Bishop Terry KelshawI received news last night that Bishop Terry (Terence) Kelshaw met His Savior face-to-face in the early dawn of yesterday after being diagnosed with wide-spread cancer.  For those who knew him, you will appreciate God’s kindness in letting his earthly life end on a Sunday, the Lord’s Day as the birds sang at sunrise in Albuquerque, New Mexico.  For Bishop Terry, this was the perfect day to die.  Above all that he was in this life, he was a Sunday kind of man.

Bishop Terry loved the Church.  He loved her when she was dressed up and beautiful.  When she was big and accomplished.  When she sang loudly and when she wept silently.  When she was wounded and suffering.  When she was sorrowful and ragtag.  When she was many, when she was few and when she was just one.  Bishop Terry loved the Church.

No one knew this lavish love more than the people of St. James Anglican Church who Bishop Terry came to lead in a critical time in our history. Our rector had just left following a fall from leadership which devastated our formerly successful congregation.  We began to bleed out as people left and the community watched.  Bishop Terry was retired and could have embraced the pleasant life of retirement with his dear wife Hazel.  But he was asked to come and help us, a struggling beachside congregation.  He came not because it would look good on his resume but because He loved the Church … and because his Hazel loved the beach!
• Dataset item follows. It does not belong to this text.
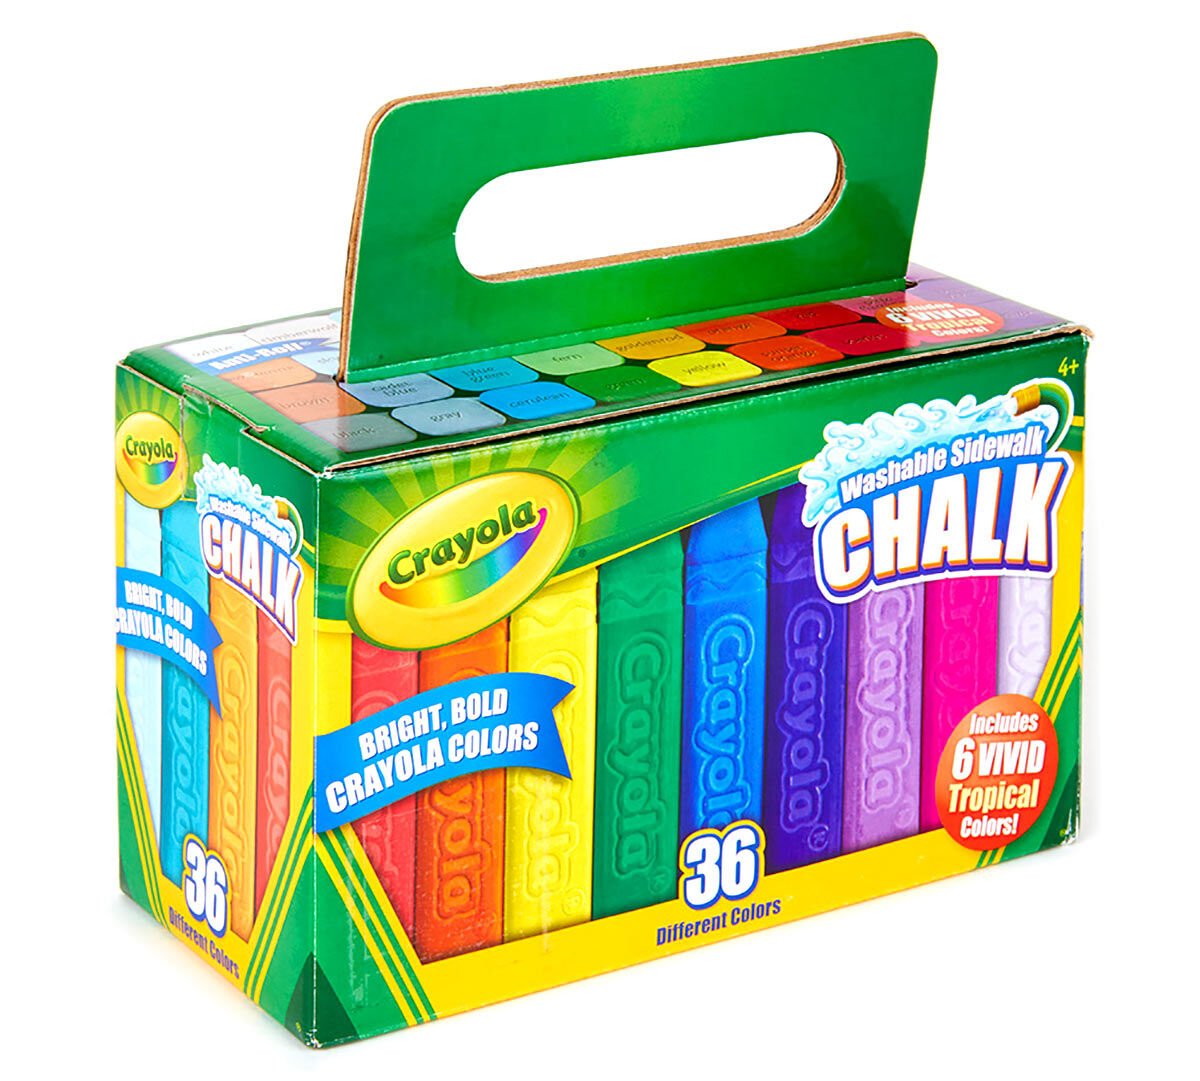 Download Sidewalk Chalk 36 ct. | Crayola
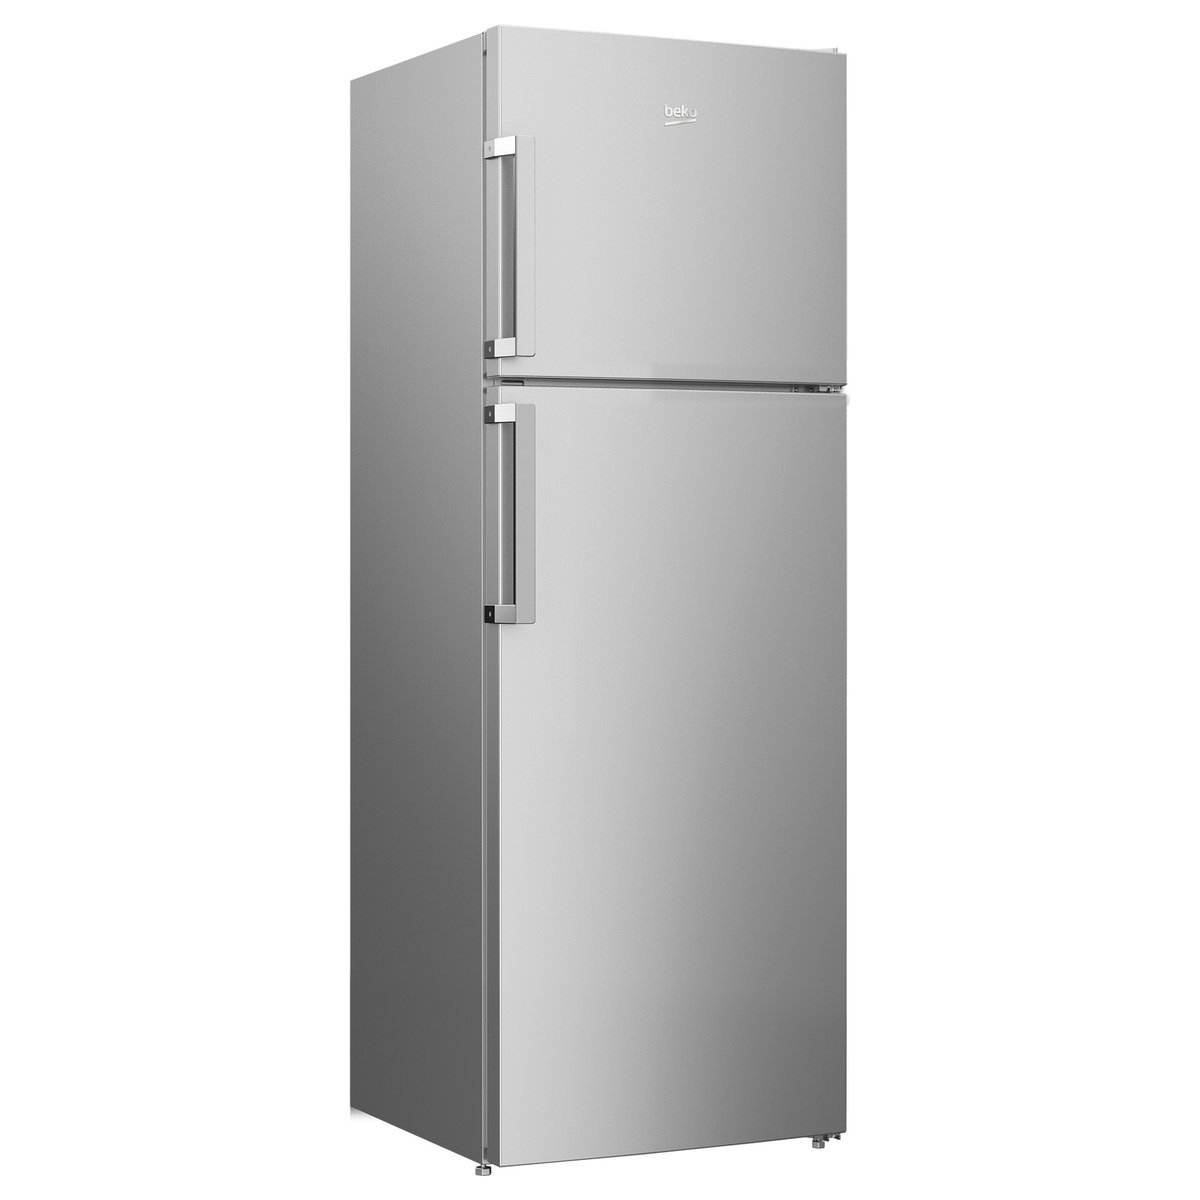 Beko Double Door Refrigerator RDNE350K21S 390LTR

And so appeared on the scene these this two Jesus-people, Bishop Terry and his beloved Hazel.  They came to care for, to lead and to bind up the wounds of the people of St. James Anglican Church in Newport Beach, California.  They stood calm and steady at the helm of a hurting congregation as they both proclaimed God’s Word with clarity and passion and as they displayed without embarrassment a profound love for Jesus Christ and for one another.  They taught us, worshiped with us, laughed with us, ate with us and more than once — more than many times — they held us as we cried.

I was a newly-ordained Anglican priest when Bishop Terry came to be the spiritual leader of St. James where I had been serving on staff for many years.  He watched me closely as I ministered, sometimes offering a word of encouragement and sometimes a word of criticism.  He said that even though I was a priest, I would be his deacon.  Some might say this was a demotion of sorts, but I would learn much as Bishop Terry’s deacon.   As I served, I saw His love for Jesus, his love for Hazel and his love for the Church … and so I grew to love Bishop Terry.

But I still didn’t know where I stood with him until after a few months, he called me into his office and asked me to come close and stand next to where he was sitting.  Bishop Terry took my hands in his and looked up at me.  He told me that when he first came to St. James, he wasn’t sure about me as a woman priest.  He was skeptical and he knew that he’d been tough on me at times.  Then he really surprised me.  His eyes filled with tears and he asked my forgiveness for any time he’d been too hard on me, anything he’d said that had been too harsh.  Imagine, a bishop asking forgiveness for such a thing!  I knelt down next to him and sputtered, “Bishop, my Bishop.  I love you.”  We wept together that day.  And from that time on, whenever I would see Bishop Terry Kelshaw, I would say, “Bishop, my Bishop” … and we both knew what that meant.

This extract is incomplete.